Type 2 diabetes is a metabolic disorder resulting in altered protein, carbohydrate and fat metabolism and is characterized by impaired insulin secretion, impaired glucose and insulin homeostasis. Pre-diabetic abnormalities, such as impaired fasting glucose and impaired glucose tolerance could lead to diabetes [1-3]. A large number of genome-wide significant loci influencing glycemic traits [4] and type 2 diabetes development [5, 6] have been recently identified. The results from these studies highlight important biological pathways implicated in glucose regulation [7, 8]. The number of common associated SNPs with fasting glucose concentration has now raised to 36[9]. Many of these loci include those encoding genes involved in b-cell function, insulin secretion and some are encoding transcription factors implicated in pancreas development[4]. A number of the loci associated with glycemic traits in diabetes-free individuals also affect the risk of type 2 diabetes [10]. More specifically, thirty three out of 53 glycemic loci are also associated with increased type 2 diabetes risk [4]. The fact that the observed effect sizes are generally small lends further support that a significant number of variants with small effect size is more likely to explain a substantial proportion of the variance in glucose levels [11, 12]. The medical socioeconomic strain of the disease is increased by its complications [13]. Identification of a large number of common and rare genetic variants implicated in glucose metabolism contributes to translate the genetic information to the clinical practice and improve risk prediction.

Genetic risk models for type 2 diabetes based on both cross-sectional and longitudinal studies have been developed [14, 15]. The little observed clinical value of genetic testing for identification of individuals prone to develop impaired glucose metabolism can be improved in the future with new sequencing techniques and identification of low and rare variants with larger effect sizes[14]. Evaluation of the cumulative variant effect of glucose risk loci on glucose levels could give a good estimation for pre-diabetic status as well as better control and prevention. This is of particular interest as based on recent estimations from IDF, 415 million people have diabetes in the world and there were 608,800 cases of diabetes in Greece in 2015 (http://www.idf.org/membership/eur/greece). Over the last 30 years, the number of diabetic individuals has at least quadrupled. It is imperative to focus our research on ways that could detect individuals at risk of developing diabetes, by identifying them when they are in the pre-diabetic or borderline state. If undiagnosed or untreated, prediabetes can develop into type 2 diabetes, which is not fully reversible and is a global problem closely tied to obesity.

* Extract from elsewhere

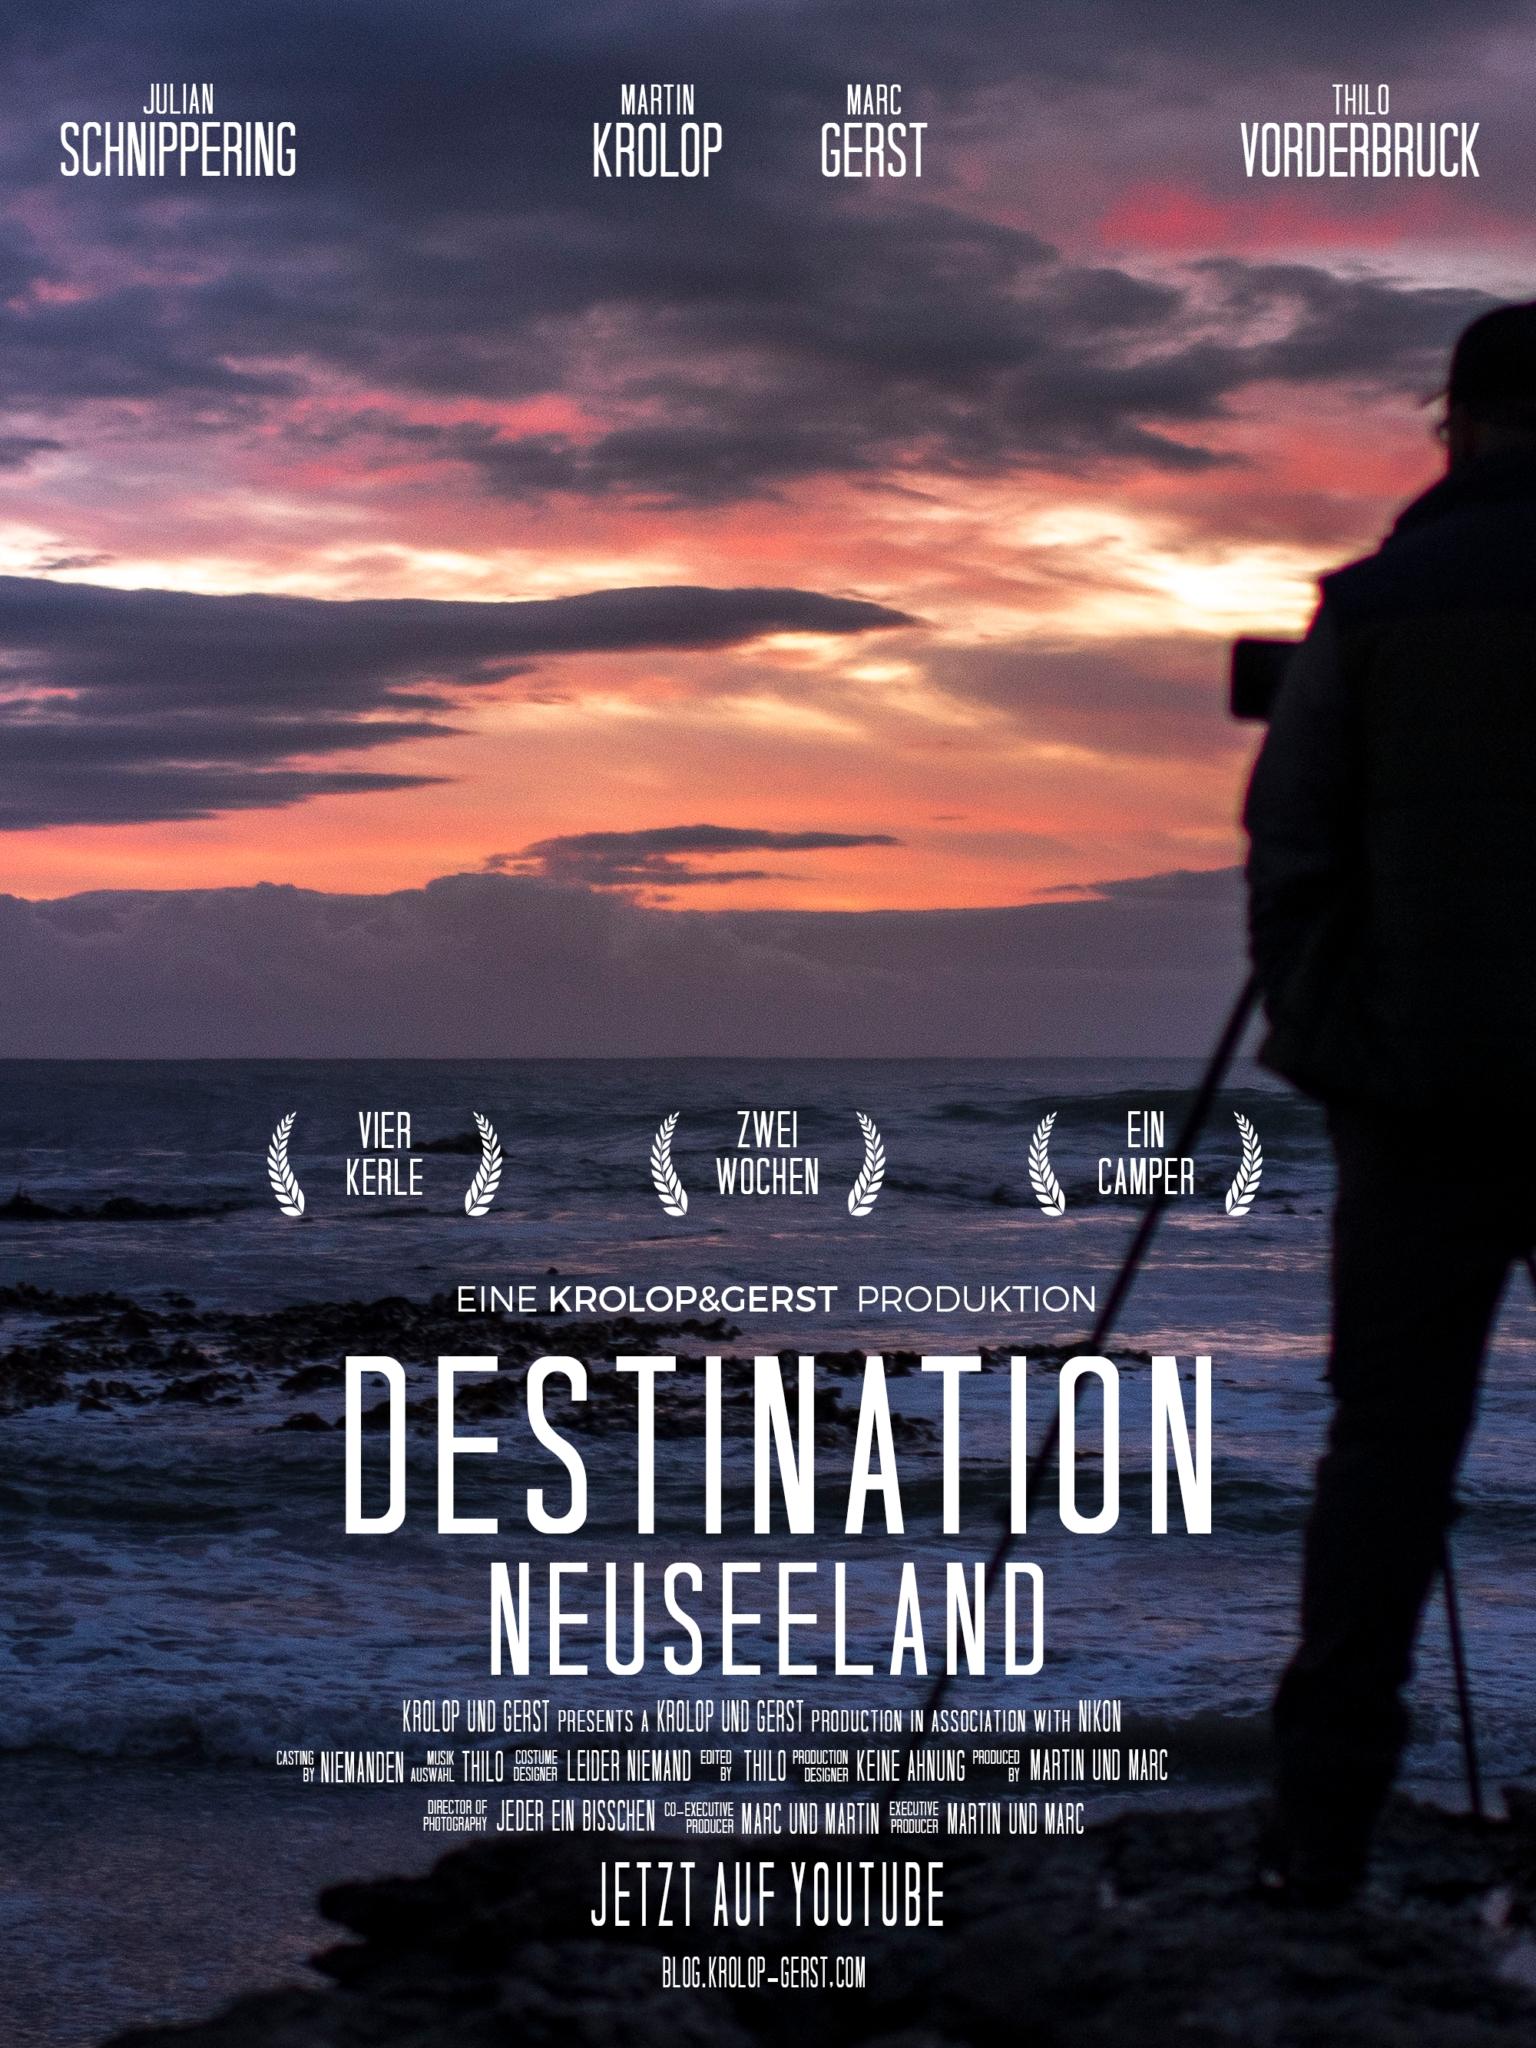 DESTINATION NEUSEELAND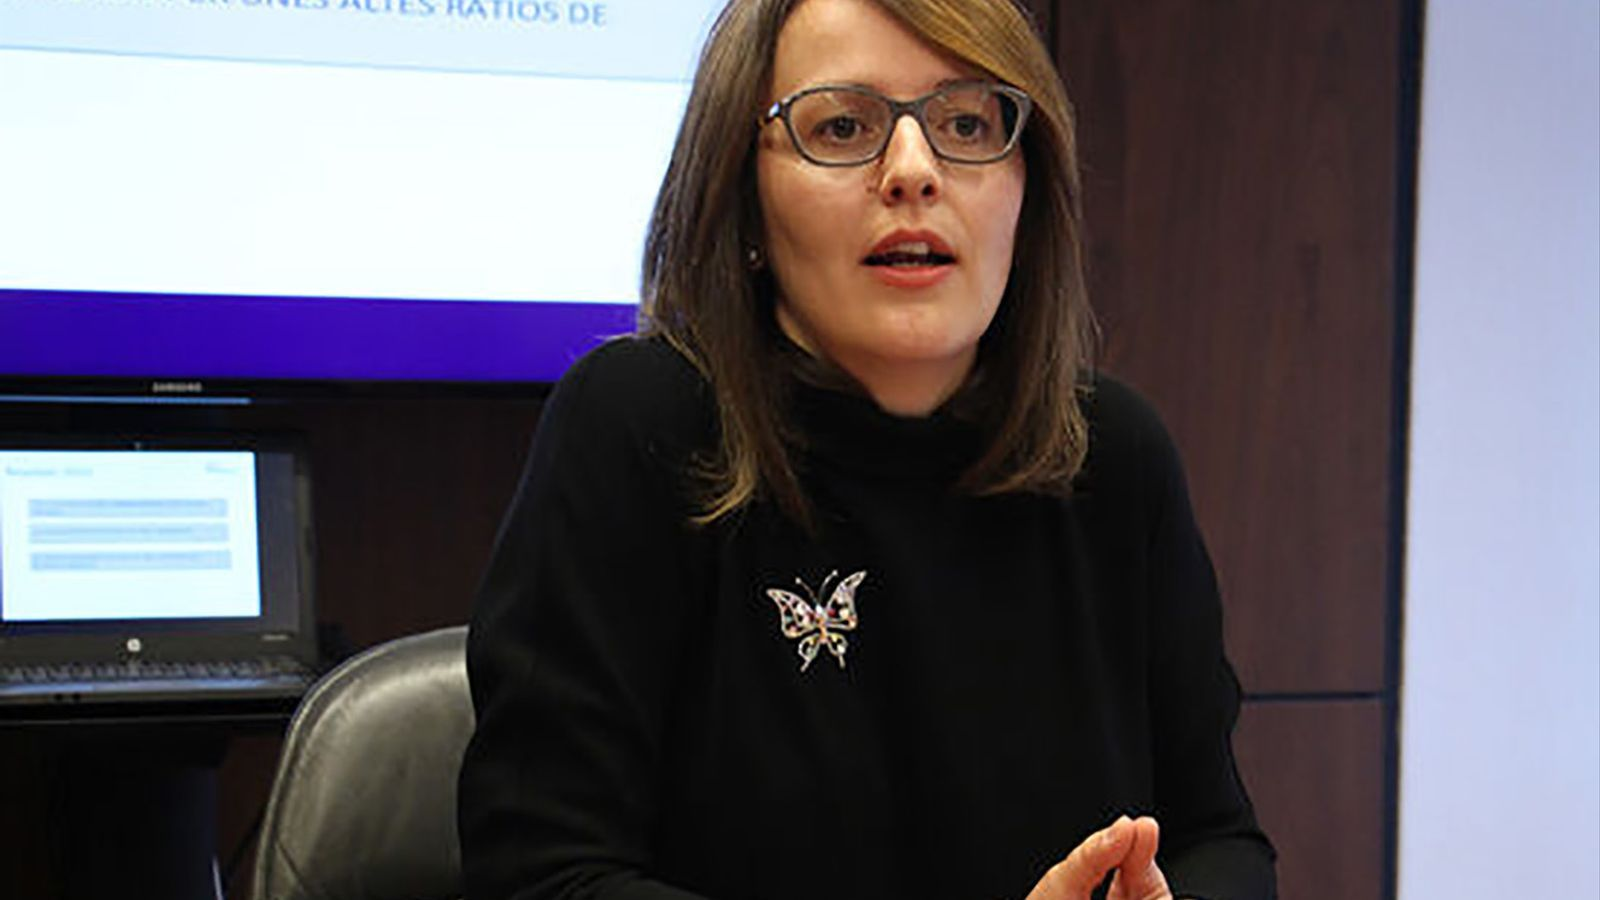 La directora d'Andorran Banking, Esther Puigcercós. / ANA

Here we address the role of the association of known glucose-raising genetic variants with glucose levels. We sought to evaluate the cumulative effect of the known variants on glucose levels estimated by the calculation of an unweighted and a weighted genetic risk score in the Greek population.

Materials and methods

Study population

Our sample consisted of 2594 individuals from Greek origin individuals, aged 57.1 ± 13.6 years old. The sample was drawn from the THISEAS (The Hellenic Study of Interactions between SNPs and Eating in Atherosclerosis Susceptibility) [16, 17] and GOMAP (Genetic Overlap of Metabolic and Psychiatric Diseases) studies. 1434 individuals were included from the THISEAS and 1160 individuals for the GOMAP study, all diabetes-free adult individuals of Greek ancestry (S1 Table). Association analyses were undertaken in individuals deriving from each study separately. Meta-analysis was carried out in the GOMAP and THISEAS studies. All participants were informed both verbally and in a written consent form [16]. The studies had the approval of the Ethics Committee of Harokopio University of Athens.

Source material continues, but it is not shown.